- _Dataset content_
· · · · · · ·
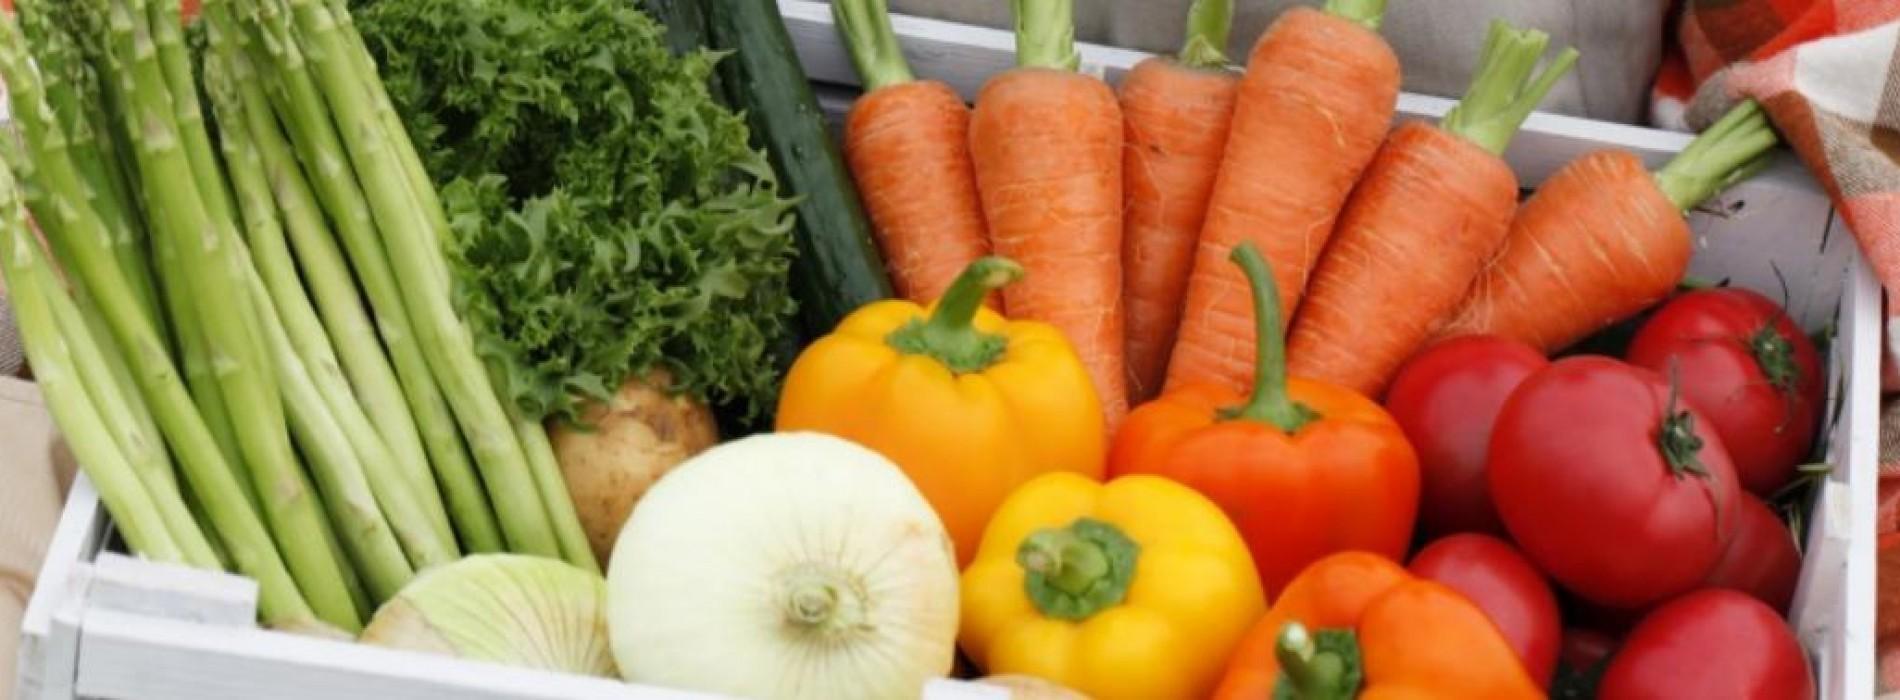 Producenten en consumenten bouwen samen nieuwe voedselmethodes
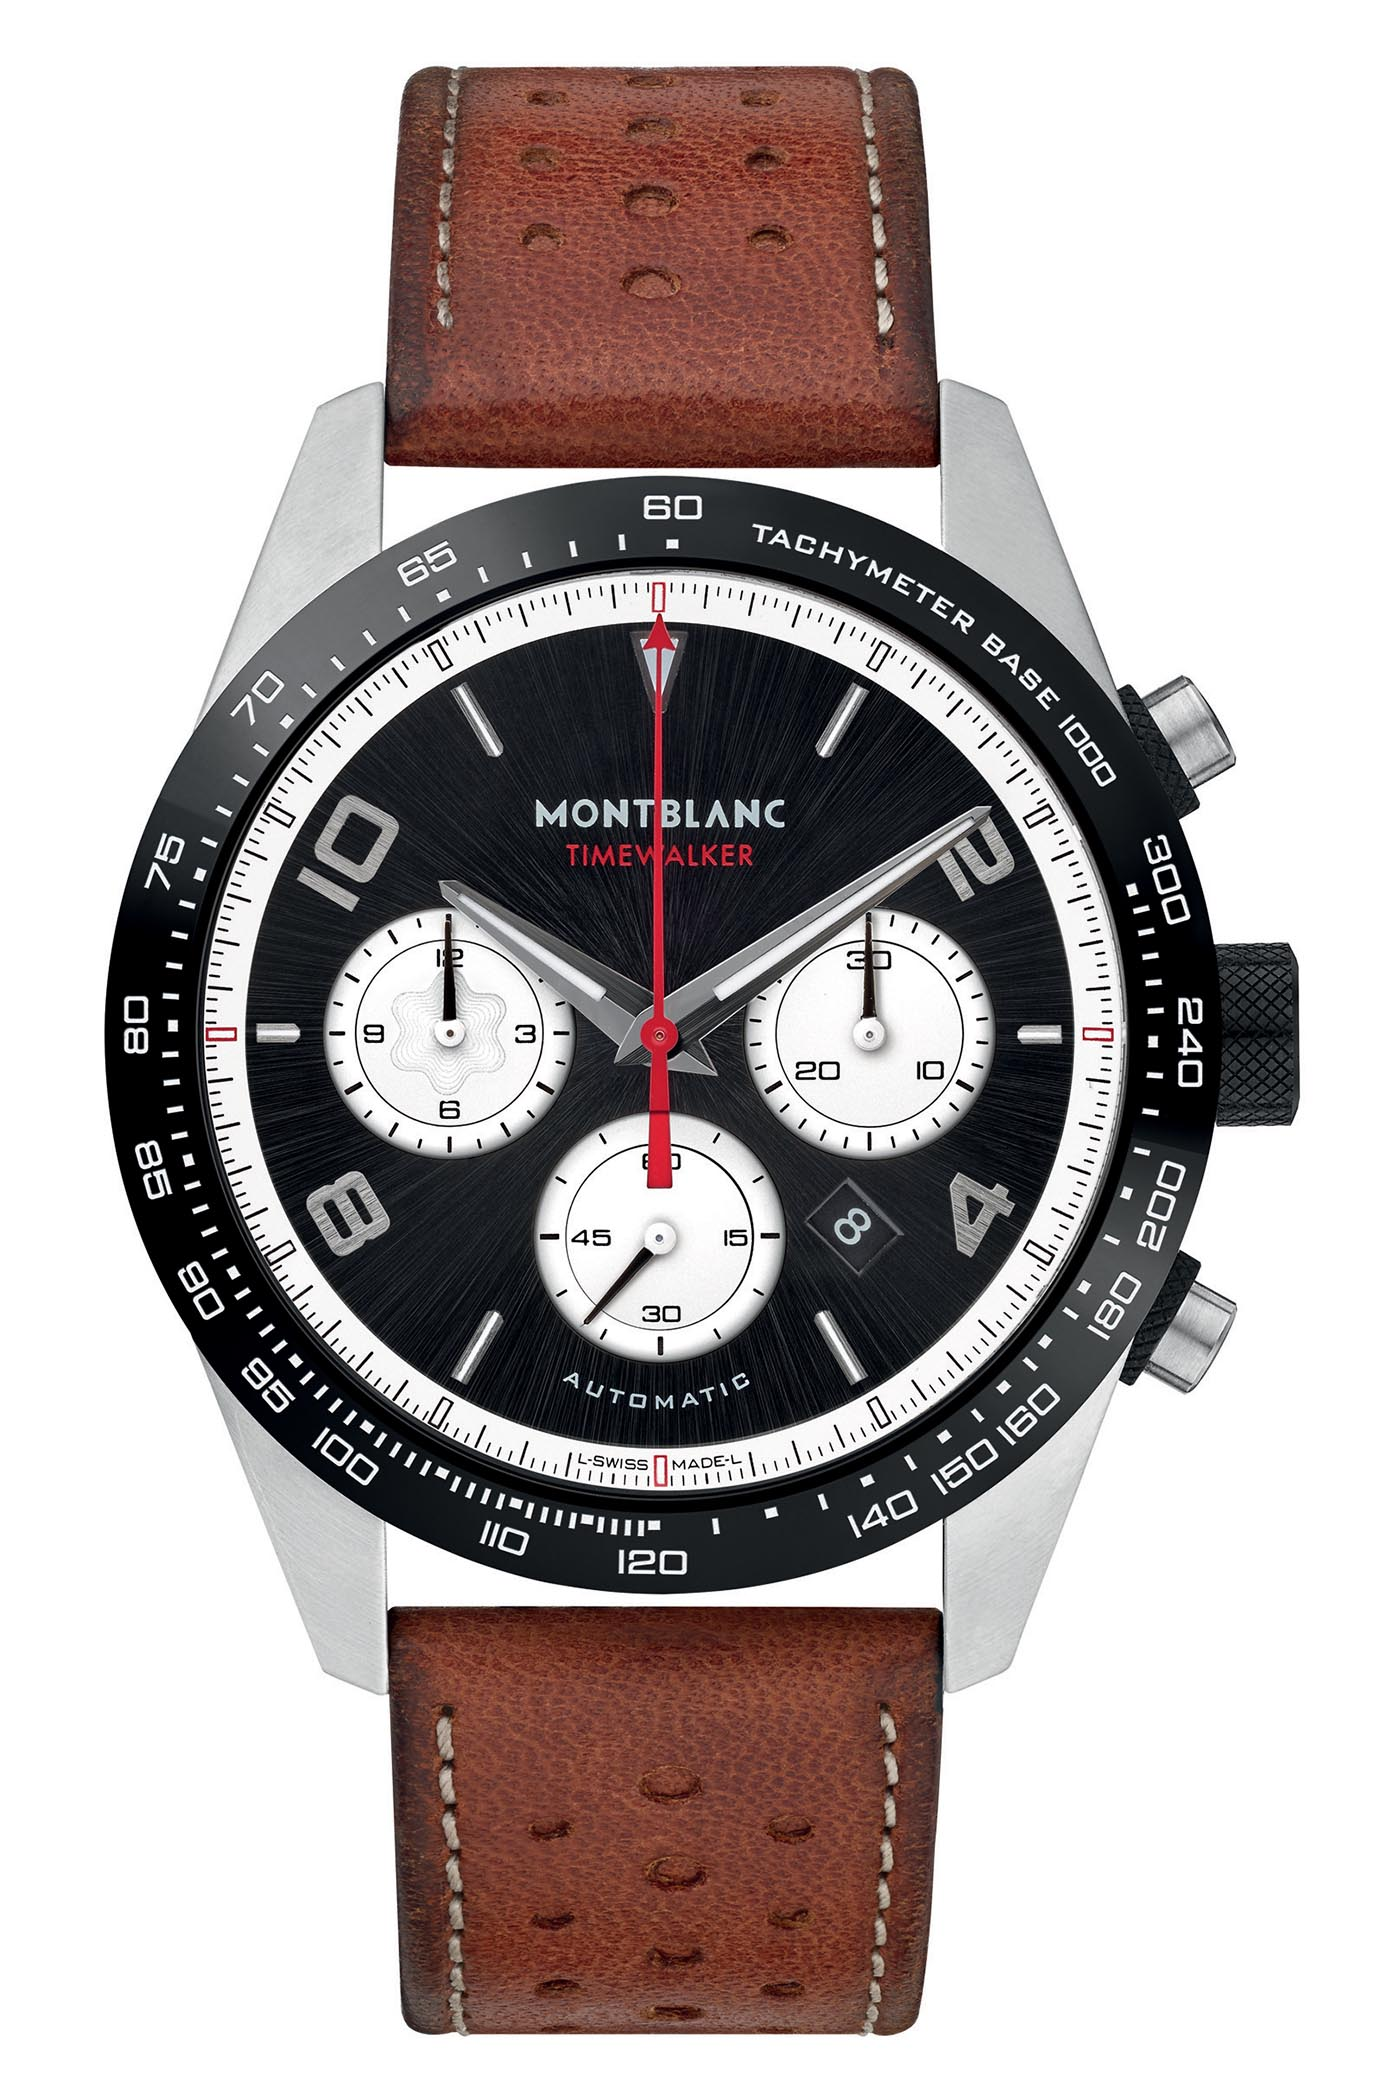 Pre-SIHH 2019 - Montblanc TimeWalker Reverse Panda Chronographs - 4
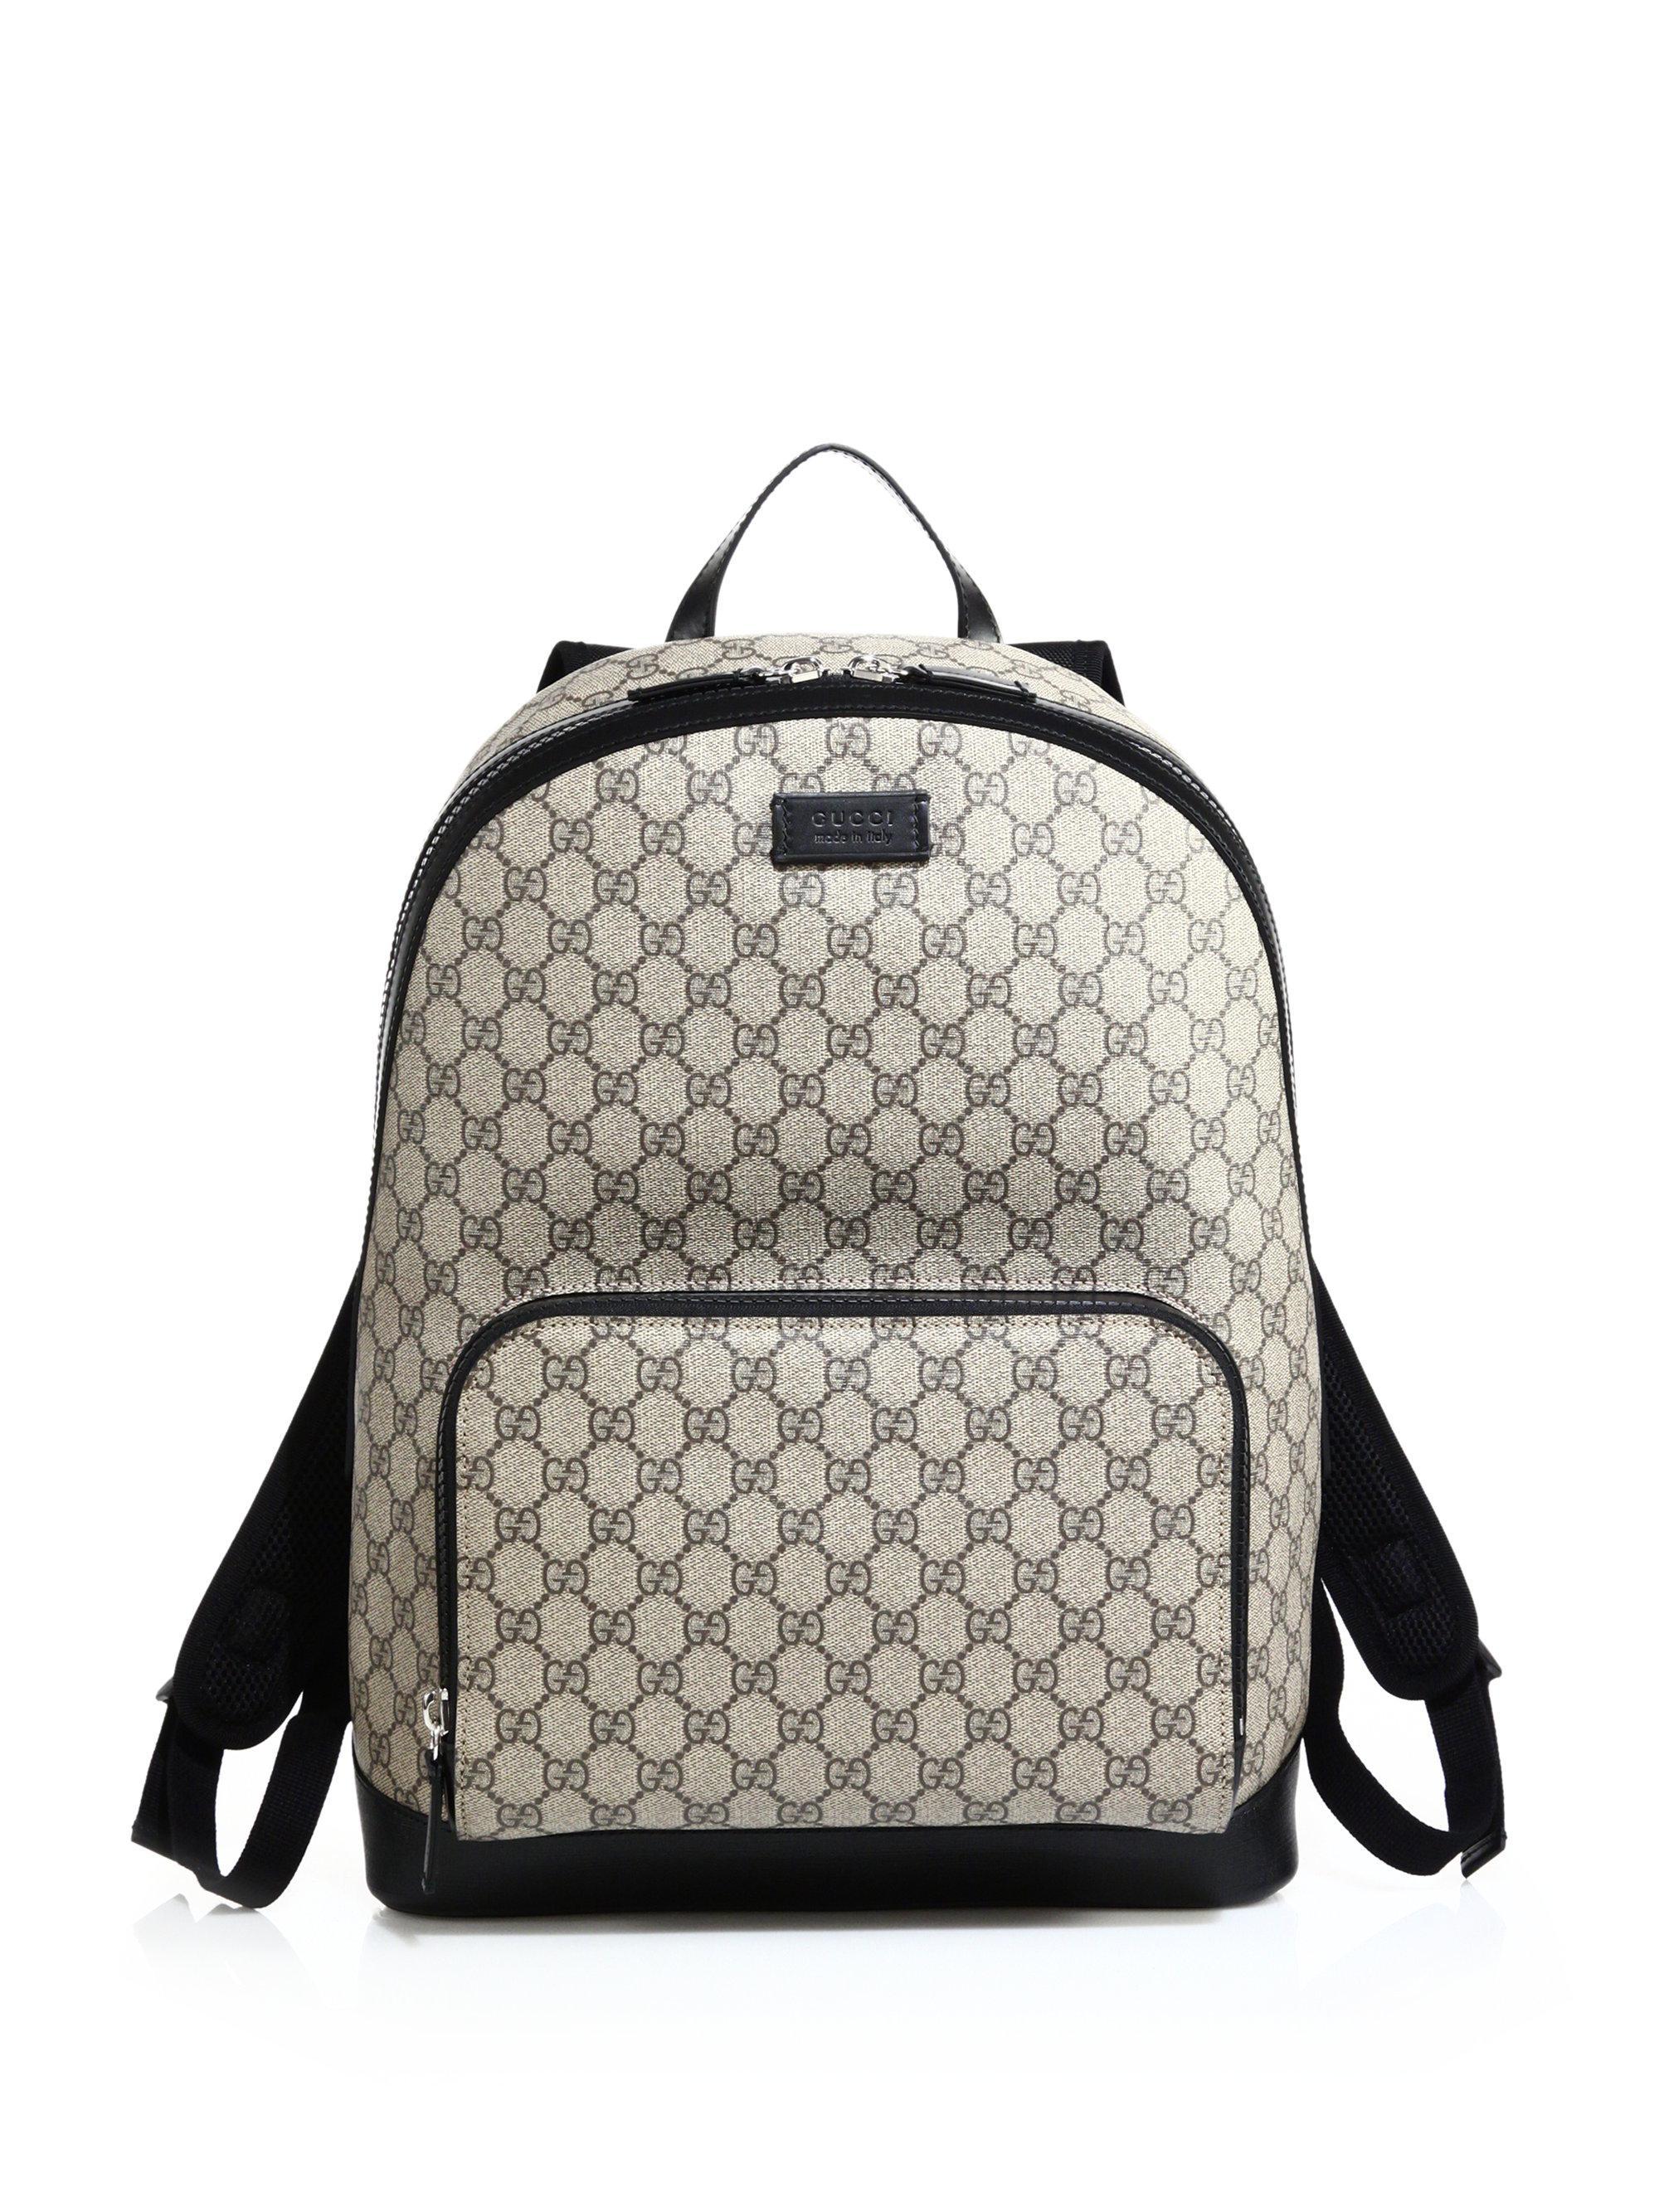 c861c9a815b Gg Supreme Canvas Backpack Beige - Motorslist
· · · · · · ·
Please copy exactly, and only, the lines from the one that contains "Pre-SIHH 2019 - Montblanc" through the last line of the data above, omitting all pictures.

 Pre-SIHH 2019 - Montblanc TimeWalker Reverse Panda Chronographs - 4
 c861c9a815b Gg Supreme Canvas Backpack Beige - Motorslist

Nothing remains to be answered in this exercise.